*Task to carry out*. The listing below should be printed again word for word, without any images.

*Data below*.
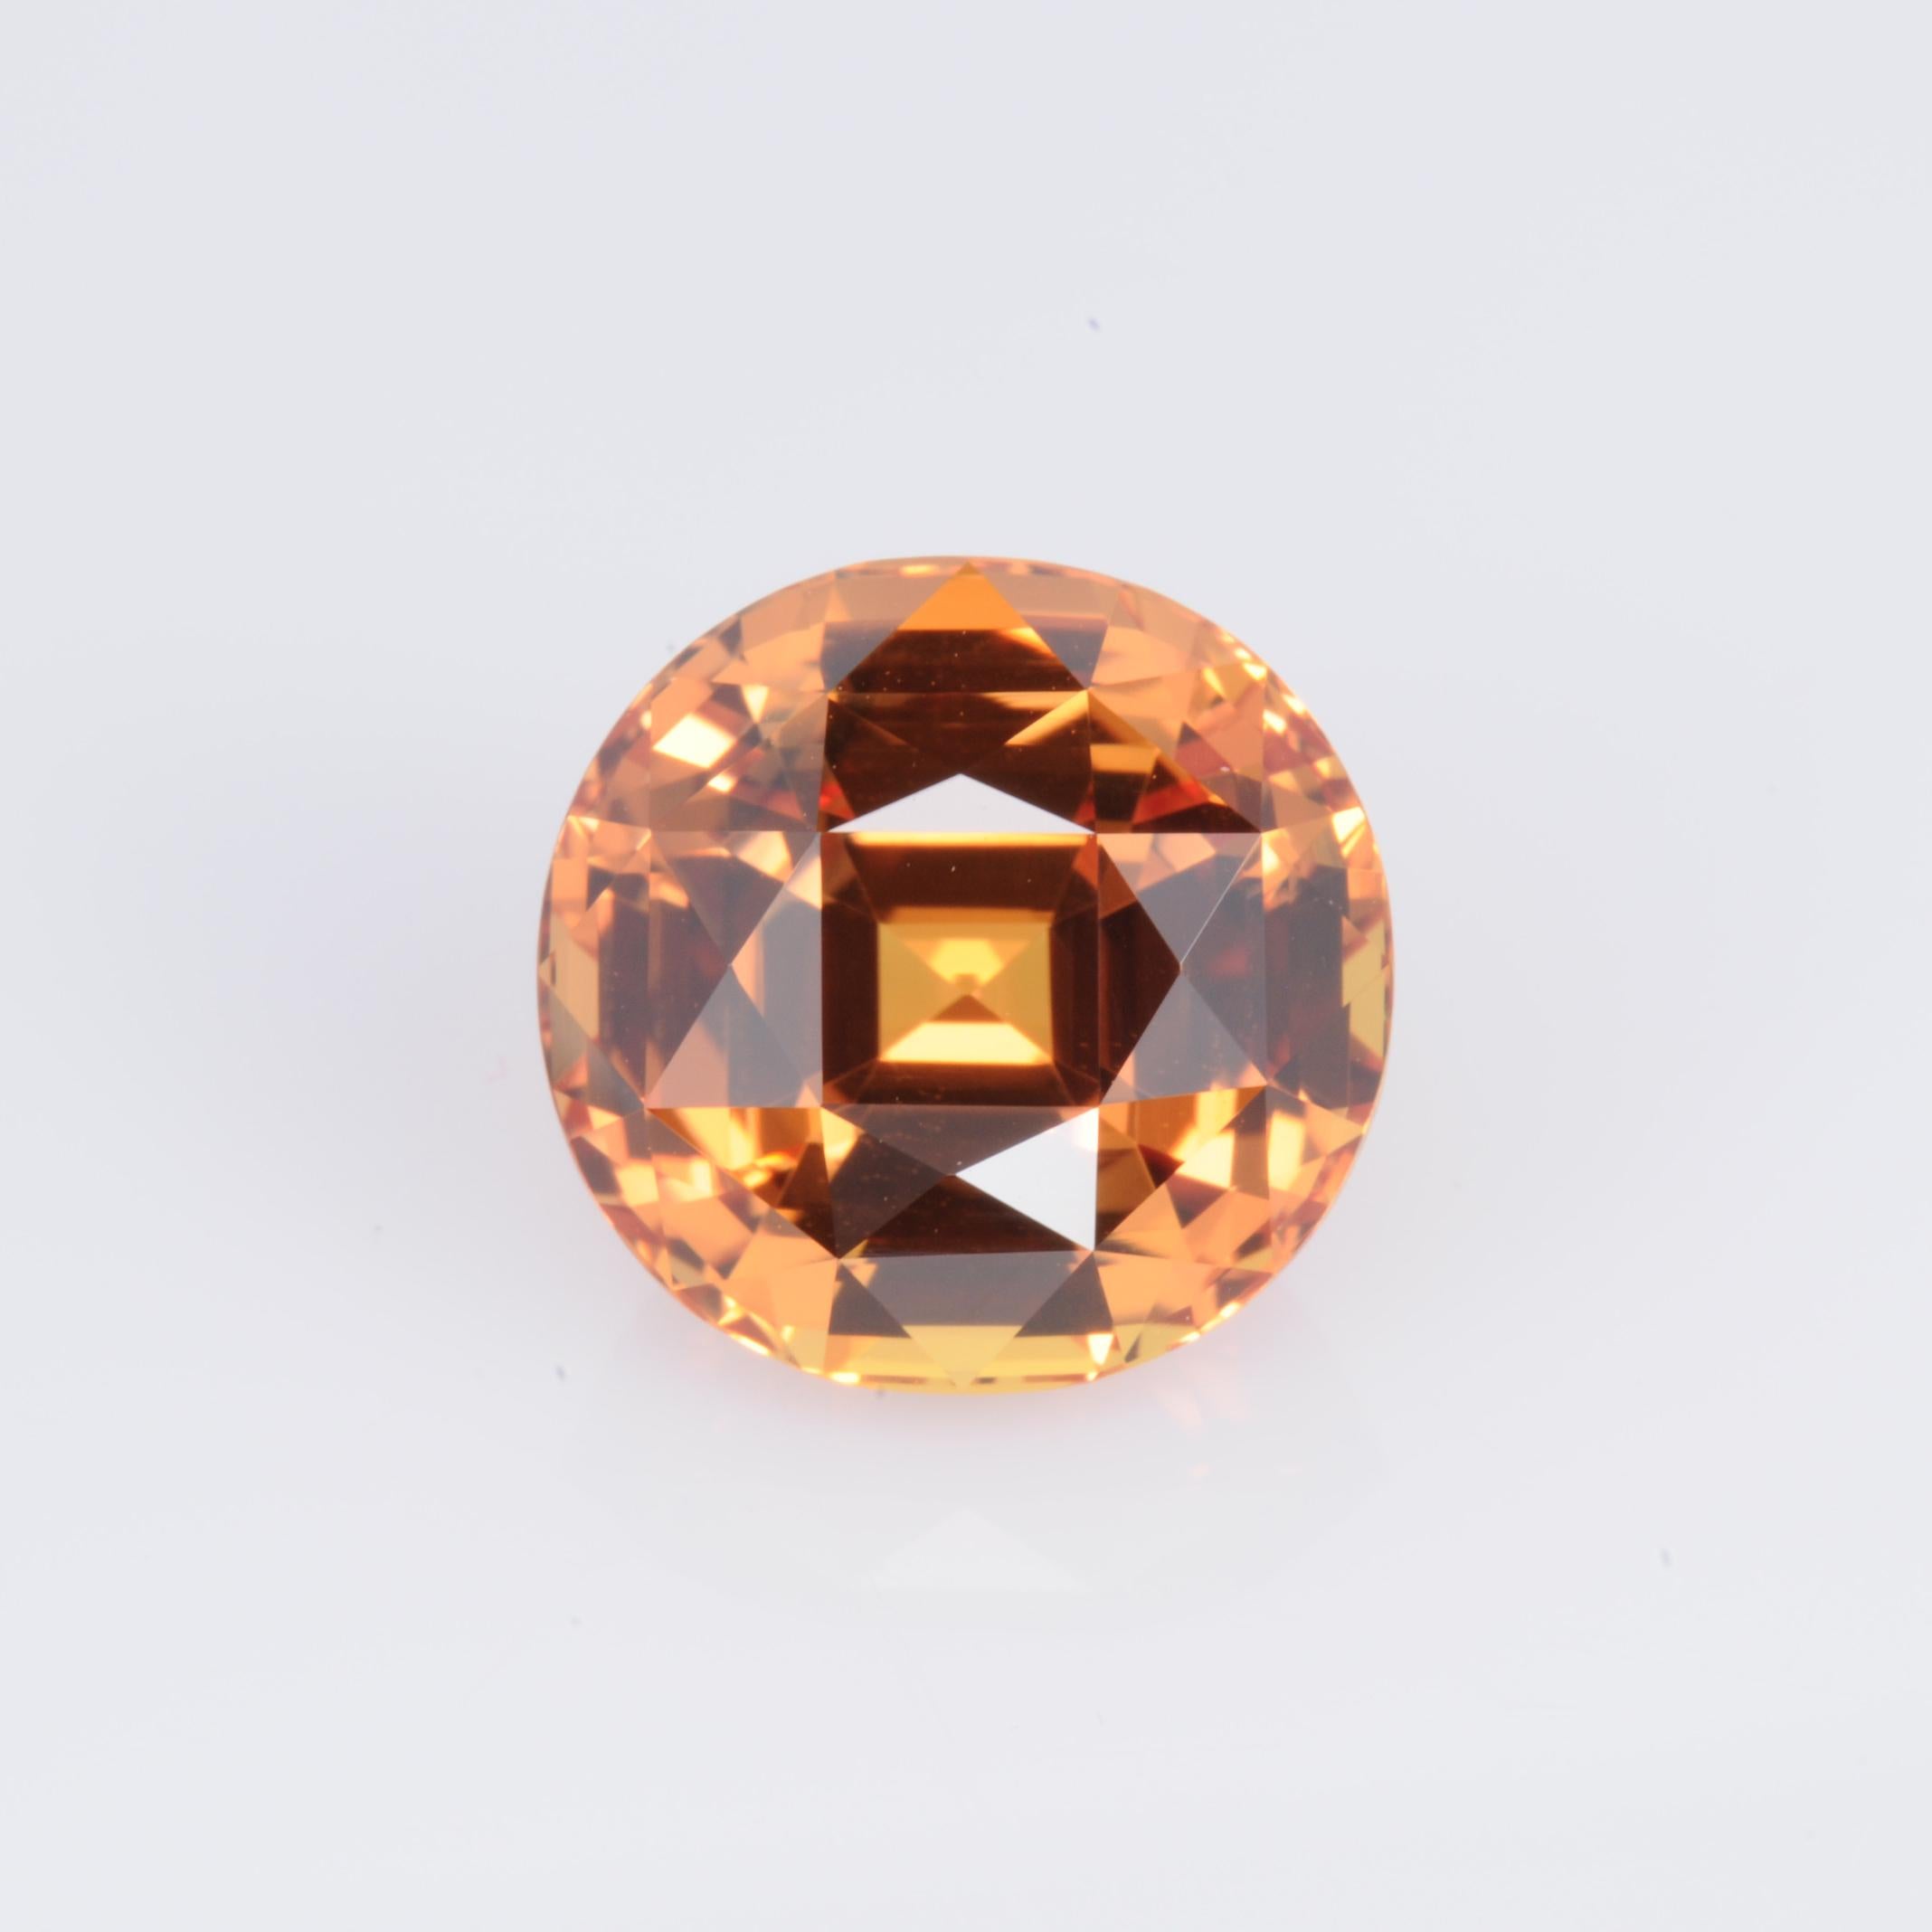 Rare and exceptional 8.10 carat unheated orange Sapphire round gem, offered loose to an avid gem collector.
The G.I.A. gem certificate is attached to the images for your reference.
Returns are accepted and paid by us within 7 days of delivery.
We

*Solution to the exercise*.
 Rare and exceptional 8.10 carat unheated orange Sapphire round gem, offered loose to an avid gem collector.
The G.I.A. gem certificate is attached to the images for your reference.
Returns are accepted and paid by us within 7 days of delivery.
We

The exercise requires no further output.